Intestinal metastasis from primary ROS1-positive lung adenocarcinoma cancer patients responding to crizotinib
Authors Chen HF, Zhang QX, Zhu YC, Du KQ, Li XF, Wu LX, Wang WX, Xu CW
Received 3 July 2018
Accepted for publication 20 September 2018
Published 5 November 2018 Volume 2018:11 Pages 7821—7825
Checked for plagiarism Yes
Review by Single-blind
Peer reviewers approved by Dr Cristina Weinberg
Peer reviewer comments 3
Editor who approved publication: Dr Jianmin Xu
Hua-fei Chen,1,* Qu-xia Zhang,2,* You-cai Zhu,1 Kai-qi Du,1 Xiao-feng Li,1 Li-xin Wu,1 Wen-xian Wang,3 Chun-wei Xu2
1Department of Thoracic Disease Center, Zhejiang Rongjun Hospital, Jiaxing, Zhejiang, China; 2Department of Pathology, Fujian Cancer Hospital, Fujian Medical University Cancer Hospital, Fuzhou, Fujian, China; 3Department of Chemotherapy, Zhejiang Cancer Hospital, Hangzhou, Zhejiang, China
*These authors contributed equally to this work
Abstract: Small intestinal metastases from primary lung cancer are rare. Such patients have a poor prognosis. Early diagnosis of small intestinal metastases is difficult because of the low incidence of clinically apparent symptoms. The standard treatment for small intestinal metastases has not been established. A 69-year-old Chinese man presented for evaluation of a tumor in the right lower lung and mediastinal lymph node enlargement on clinical examination. The clinical stage was cT2N2M0 (stage IIIA). Histologic examination of the tumor revealed lung adenocarcinoma. He could not tolerate surgery; hence, he received two chemotherapy regimens. However, the disease progressed. He had bloating after chemotherapy and decreased flatus. An abdominal CT scan showed an intestinal effusion with local intestinal obstruction. Medical treatment was ineffective; hence, he underwent a diagnostic laparoscopy. The pathologic evaluation suggested an intestinal metastatic adenocarcinoma from the primary lung cancer. Based on an real-time PCR assay, the tumor had a ROS1 fusion and responded well to crizotinib. The progression-free survival was 7 months. Physicians must be aware of the possibility of intestinal metastases from primary lung cancer. With an accurate diagnosis and thorough evaluation, patients may benefit from targeted therapy.
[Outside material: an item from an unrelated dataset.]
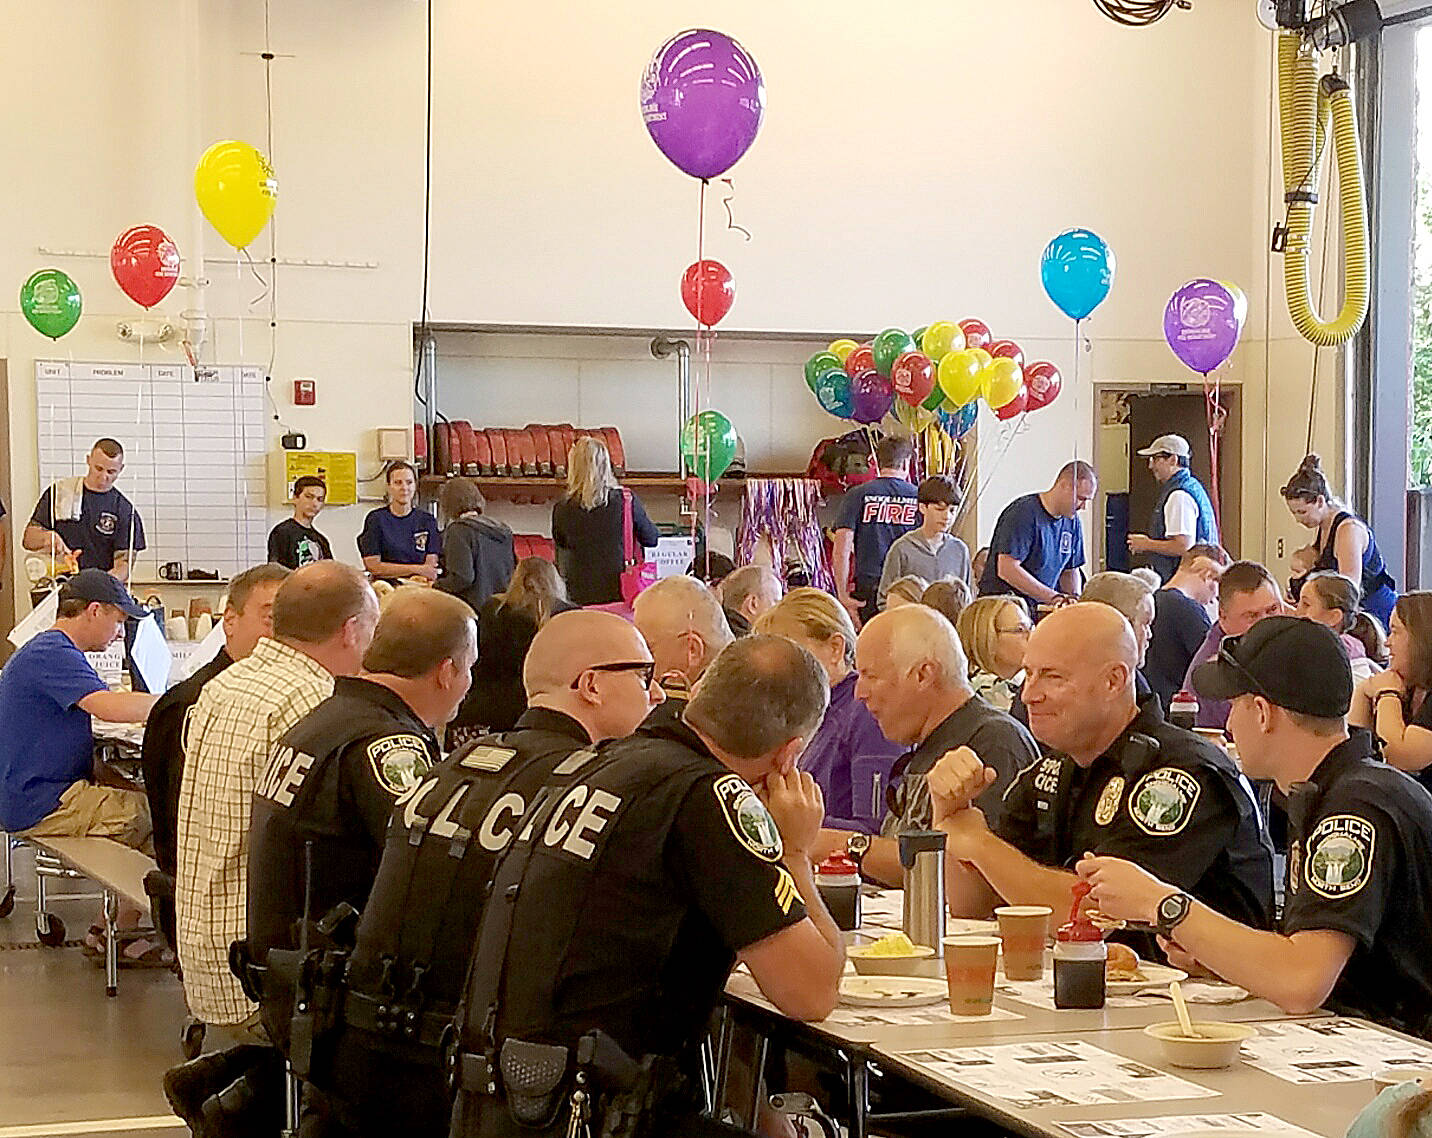 Guests enjoy a pancake breakfast at the Snoqualmie Fire Station during the 2016 event. (Courtesy Photo)
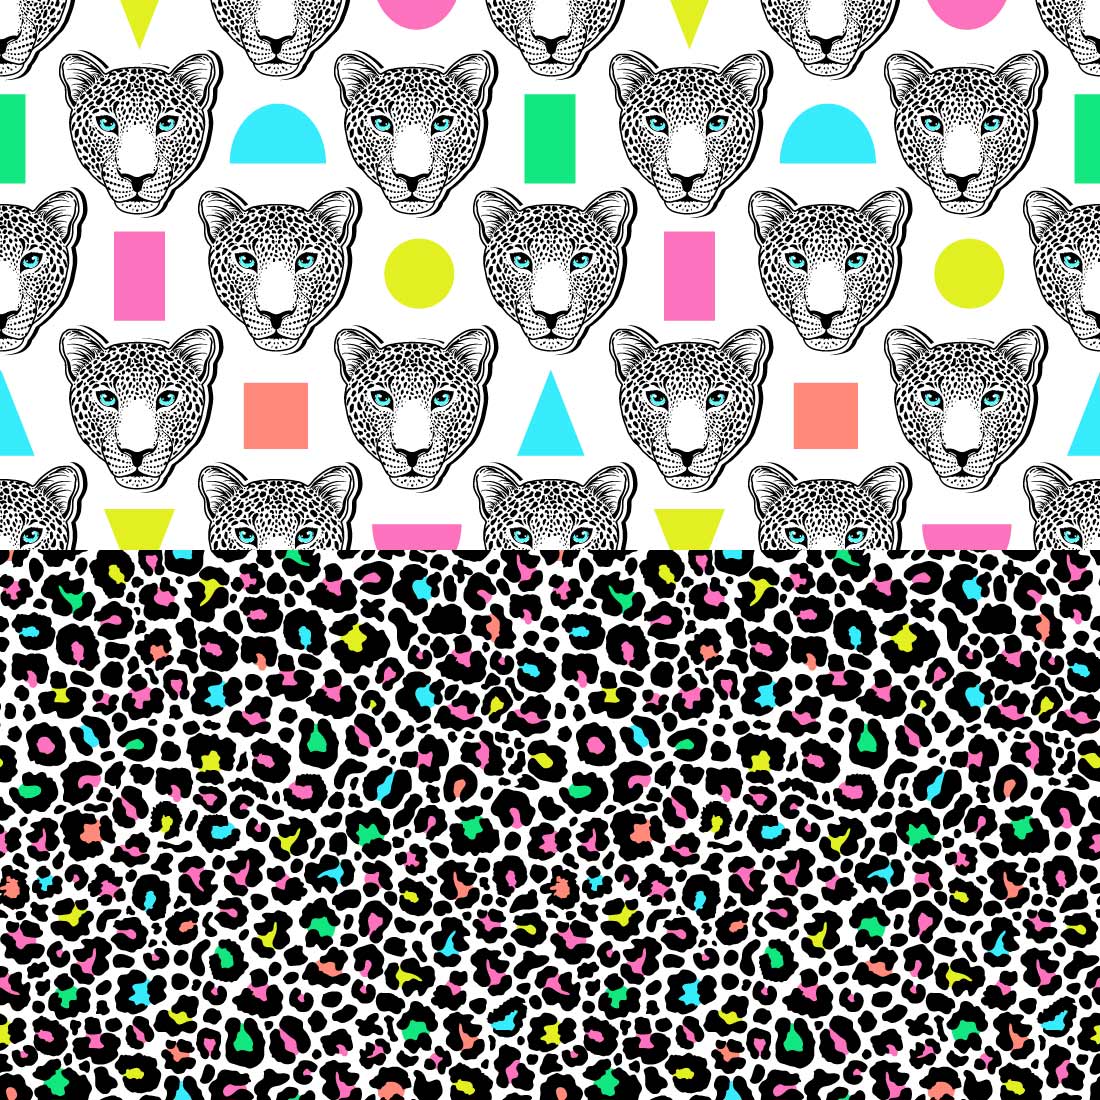 Leopard patterns preview image.

Keywords: lung adenocarcinoma, ROS1, crizotinib, metastasis, small intestine
Among all neoplasms, lung cancer has the highest registered mortality rate worldwide.1,2 Despite advances in prevention, it has been reported that approximately 50% of lung cancer patients present with metastases at the time of diagnosis;3 however, as a result of advances in diagnosis and treatment, patient survival has increased in the last few years, which unfortunately facilitates the development of long-term metastases.4 Distant metastases from primary lung cancer are most commonly demonstrated in the contralateral lung, brain, liver, adrenal glands, and bones.5 Thus, gastrointestinal (GI) metastases are not common. Different studies have reported that GI metastases from primary lung cancer are infrequent, with an incidence ranging between 0.3% and 1.7%.6 Intestinal metastases may be asymptomatic and include obstruction, perforation, occult bleeding, and intussusception. Symptomatic intestinal metastases may be life-threatening and necessitate emergency surgery. Postmortem studies have estimated that the incidence of symptomatic metastatic lesions ranges from 4.6% to 14%.7 Thus, primary lung cancer metastasizing to the small bowel is actually not a rare occurrence.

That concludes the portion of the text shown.